Mais vendredi, Jair Bolsonaro, 67 ans, du Parti libéral (PL), assurait lors d’un meeting dans le Minas Gerais (sud-est) : « Nous allons vaincre au 1er tour ». Sur Telegram, les réseaux bolsonaristes mènent campagne pour expliquer que si leur champion n’est pas élu dès le 2 octobre, c’est que l’élection aura été frauduleuse. La crainte d’un remake brésilien de l’assaut du Capitole est dans tous les esprits.

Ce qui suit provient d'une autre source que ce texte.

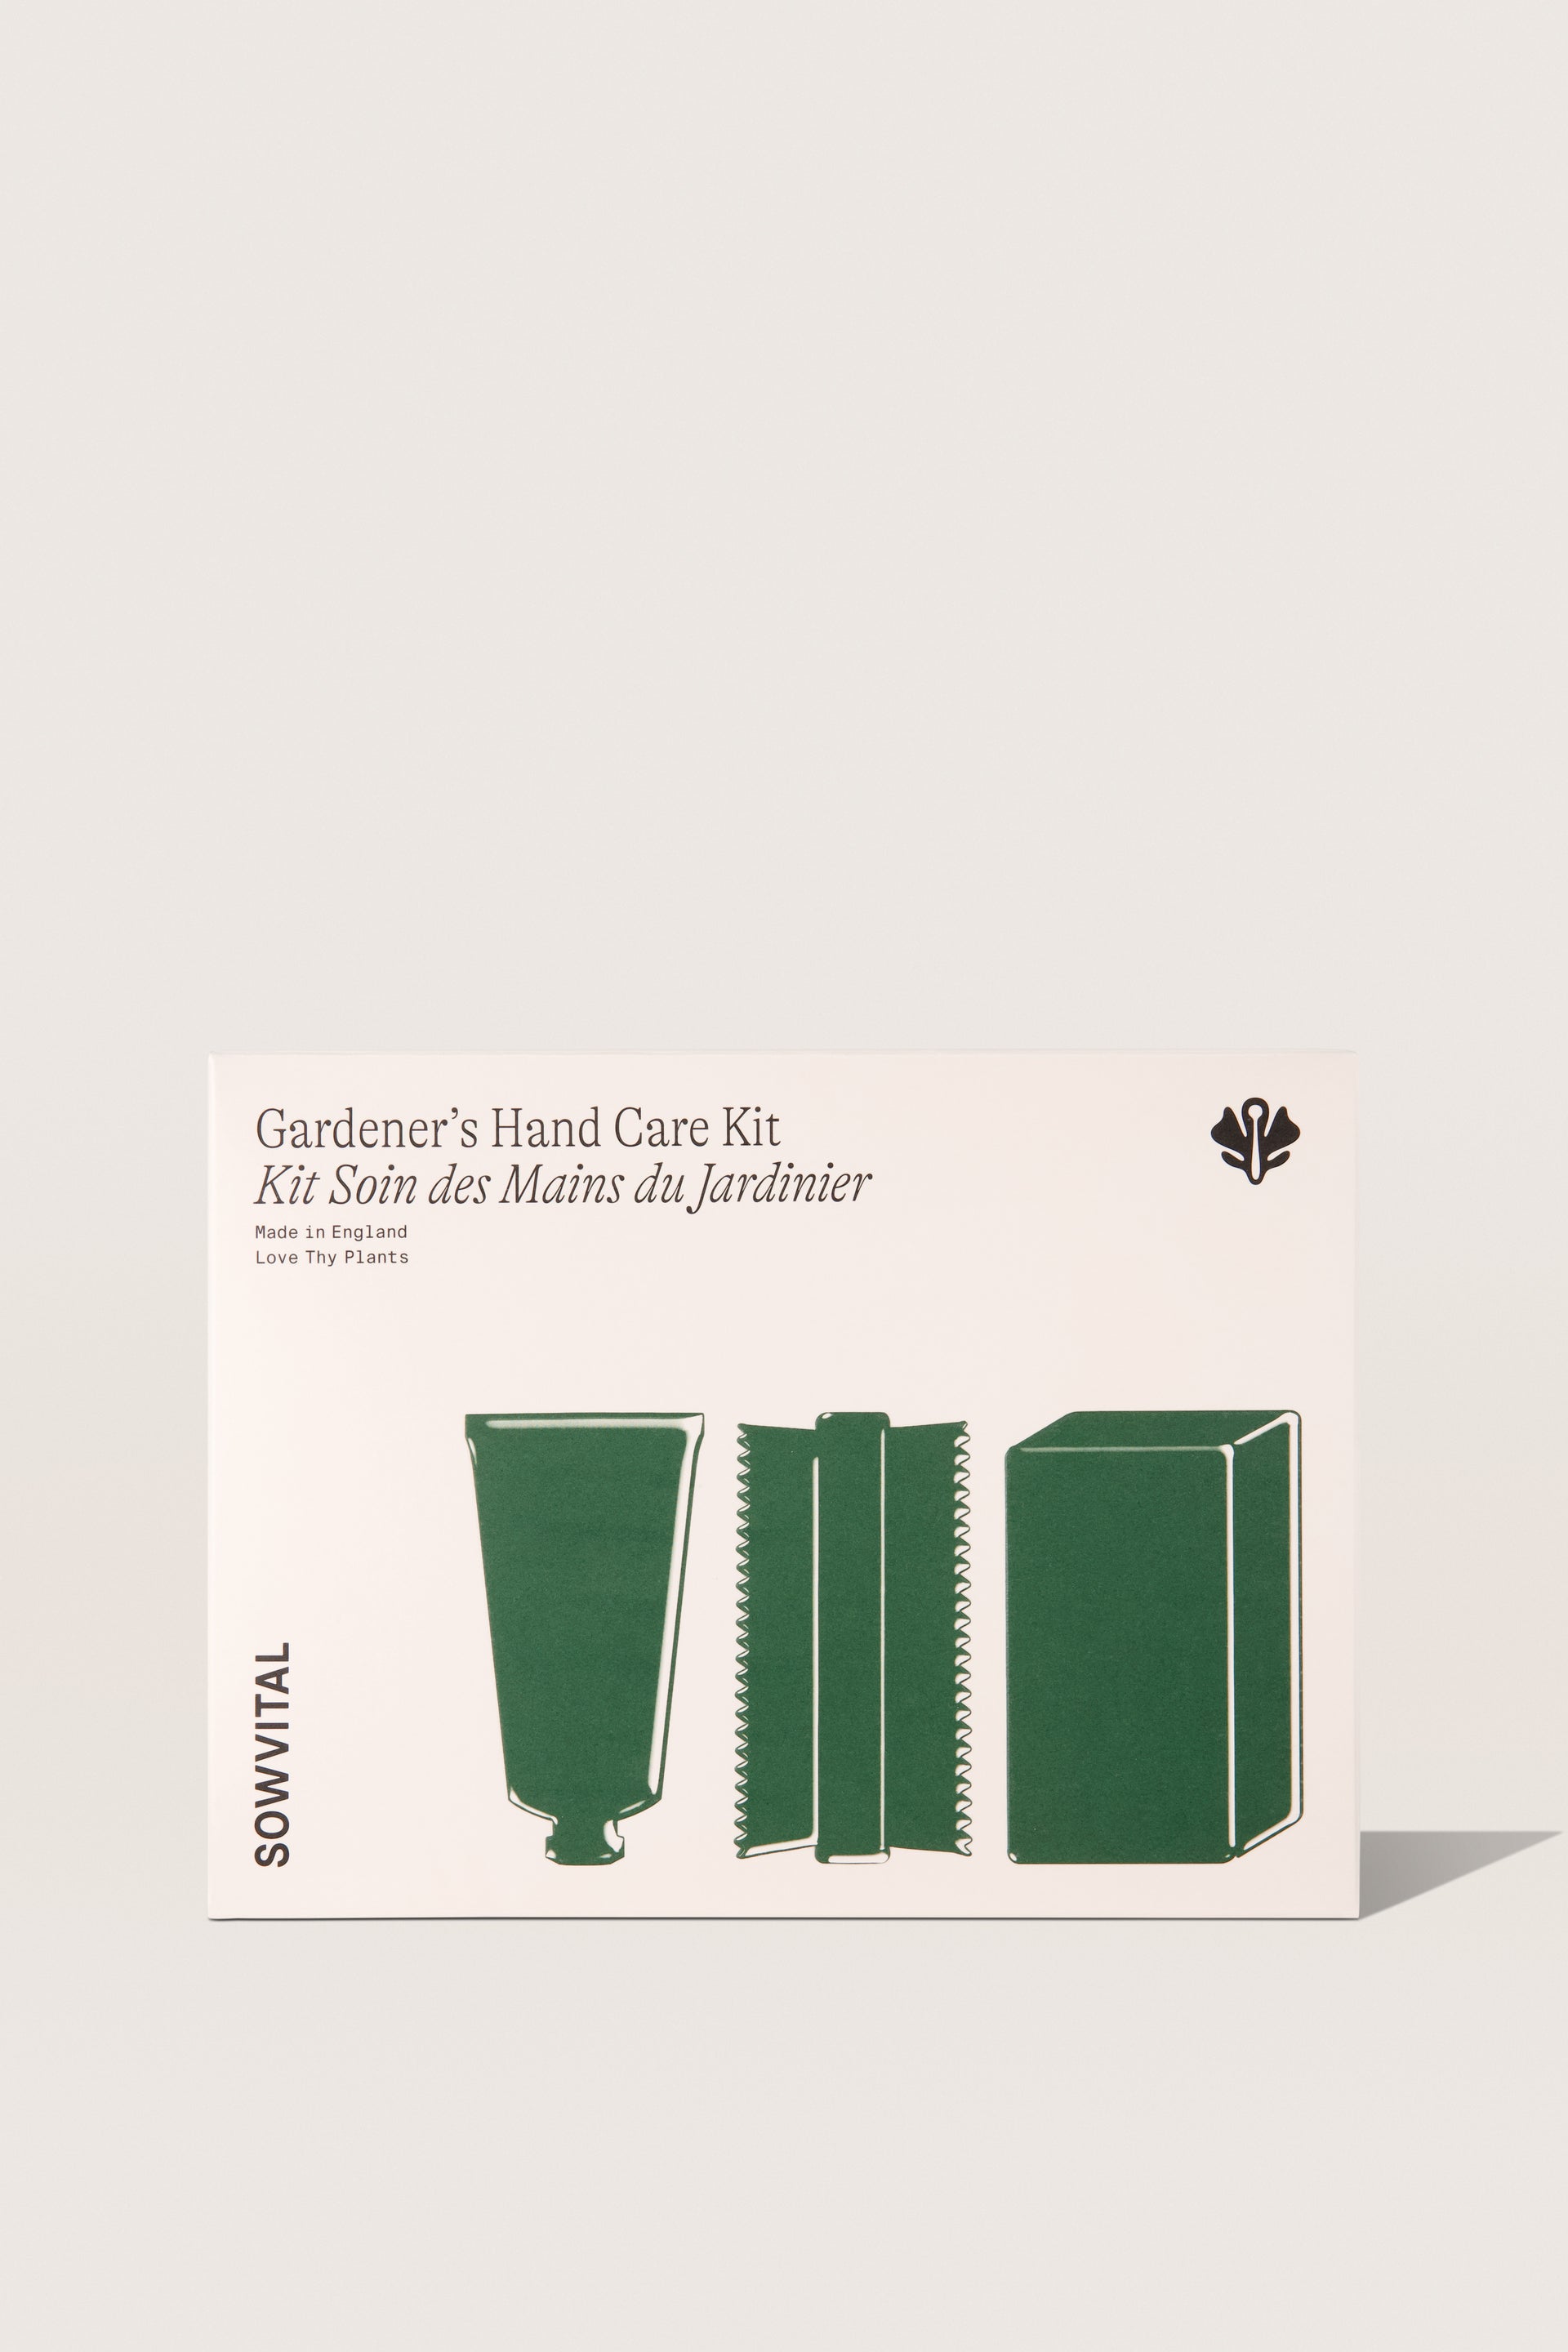 The package of the Gardener's hand care kit.

« Ca peut être dangereux », dit Mme Magnotta, « Bolsonaro va très probablement invoquer la fraude électorale, comme Donald Trump, cela va galvaniser ses soutiens ». Car l’ex-capitaine de l’Armée peut compter sur des bataillons de partisans prêts à tout. Lui-même a plusieurs fois attaqué violemment les institutions de la jeune démocratie brésilienne, telle la Cour suprême, et mené une virulente campagne contre les urnes électroniques, qui favoriseraient « la fraude ».

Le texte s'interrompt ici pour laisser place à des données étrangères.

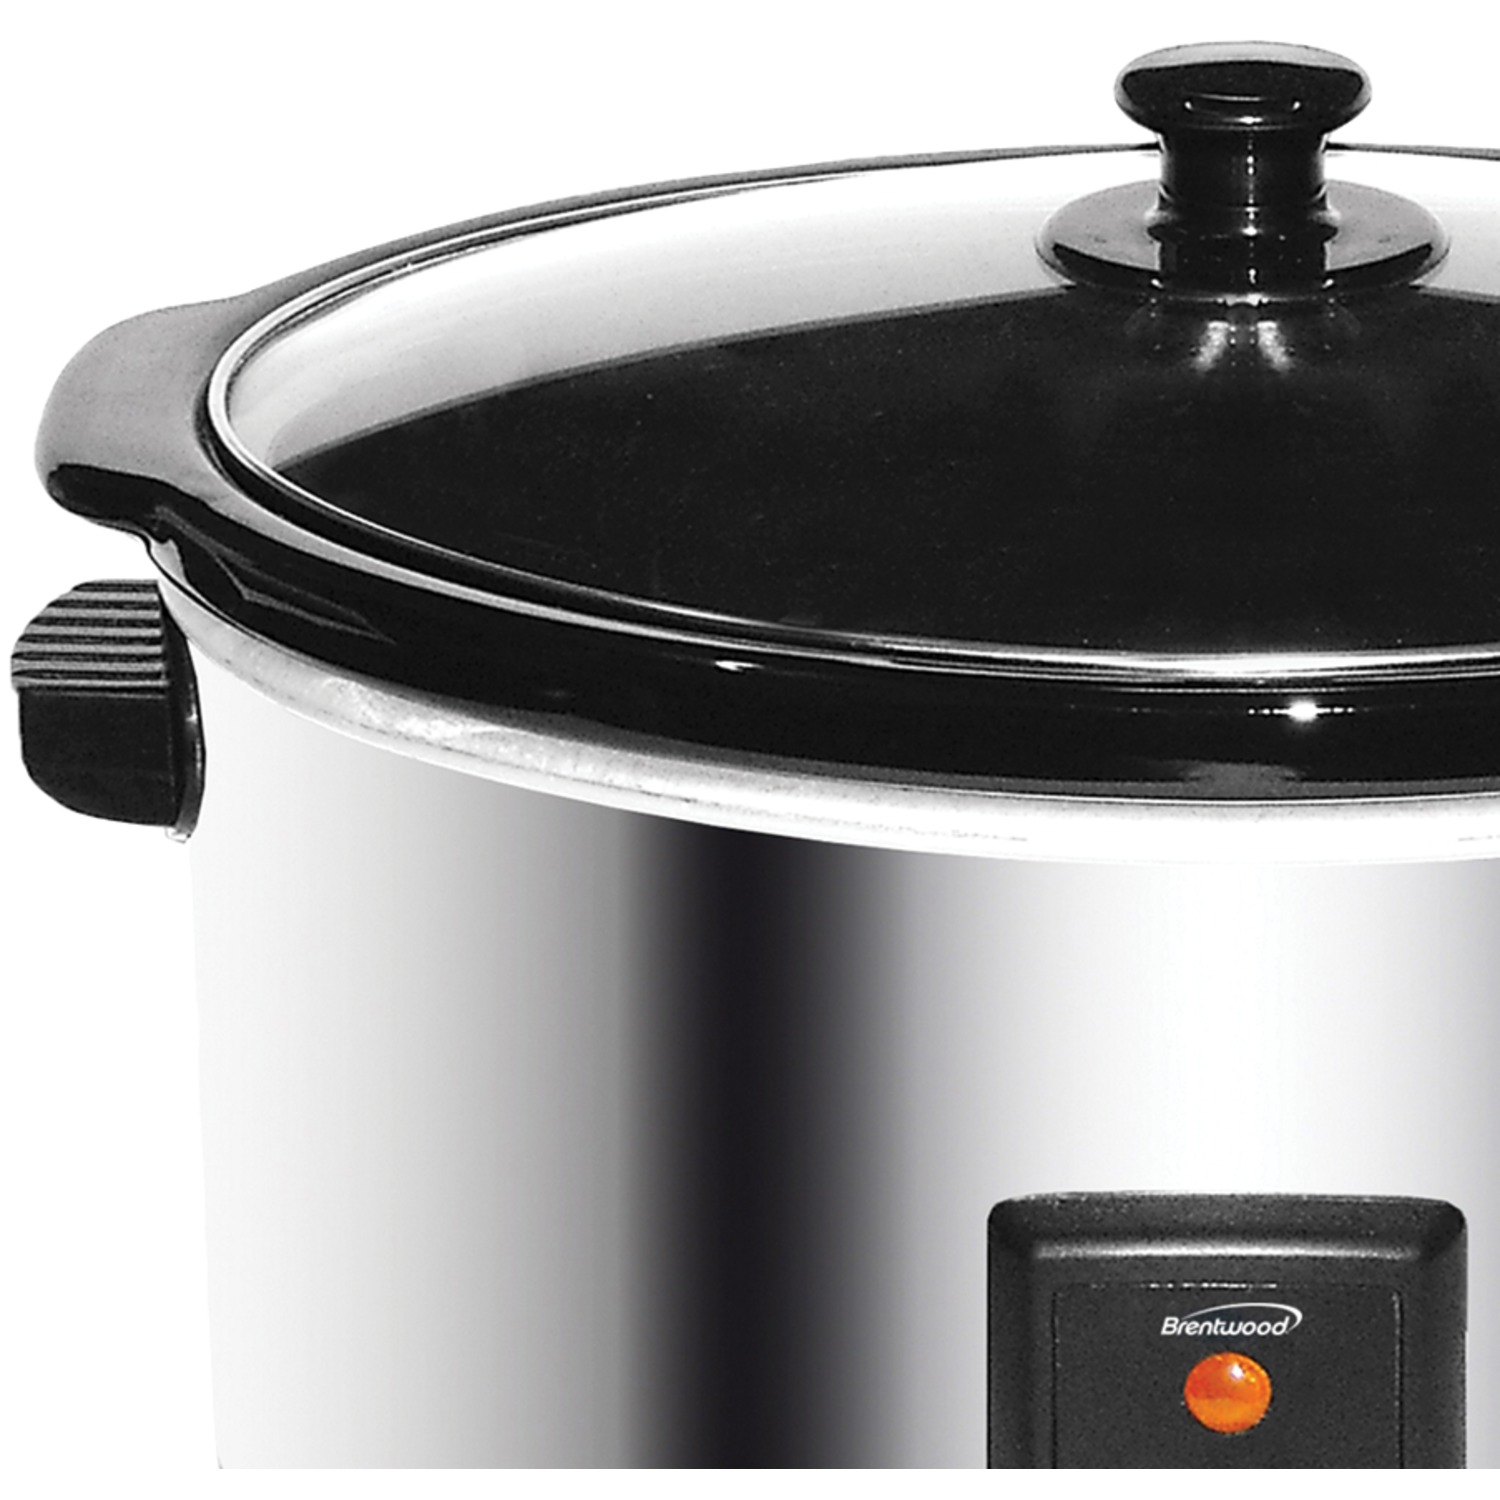 Brentwood SC-170S 8 Qt Slow Cooker Stainless Steel - image 4 of 8

Mais baissant soudainement le ton, ce président imprévisible a aussi déclaré que s’il perdait, il se retirerait de la politique. Impossible donc de prévoir la suite des événements au soir du 1er tour.
« Voleur, incompétent »
La campagne de Bolsonaro et Lula a été plus marquée par des attaques personnelles — « voleur », « incompétent » — que par la présentation de programmes. Le quotidien O Globo appelait samedi Lula à proposer « un projet économique cohérent », car « s’il gagne, personne ne sait comment il va gouverner ».
Les candidats ont sillonné le gigantesque Brésil et tenu d’innombrables meetings en gilet pare-balles. Le thème de l’environnement et du climat, dans ce pays abritant l’Amazonie, est passé à la trappe, contrairement à la faim, l’inflation ou la corruption, préoccupations de la majorité des 214 millions de Brésiliens. La semaine qui s’ouvre va voir les ennemis jurés jeter leurs dernières forces dans la bataille, avec de gros meetings et, jeudi, un débat télévisé très attendu, où, contrairement à samedi, Lula devrait être présent.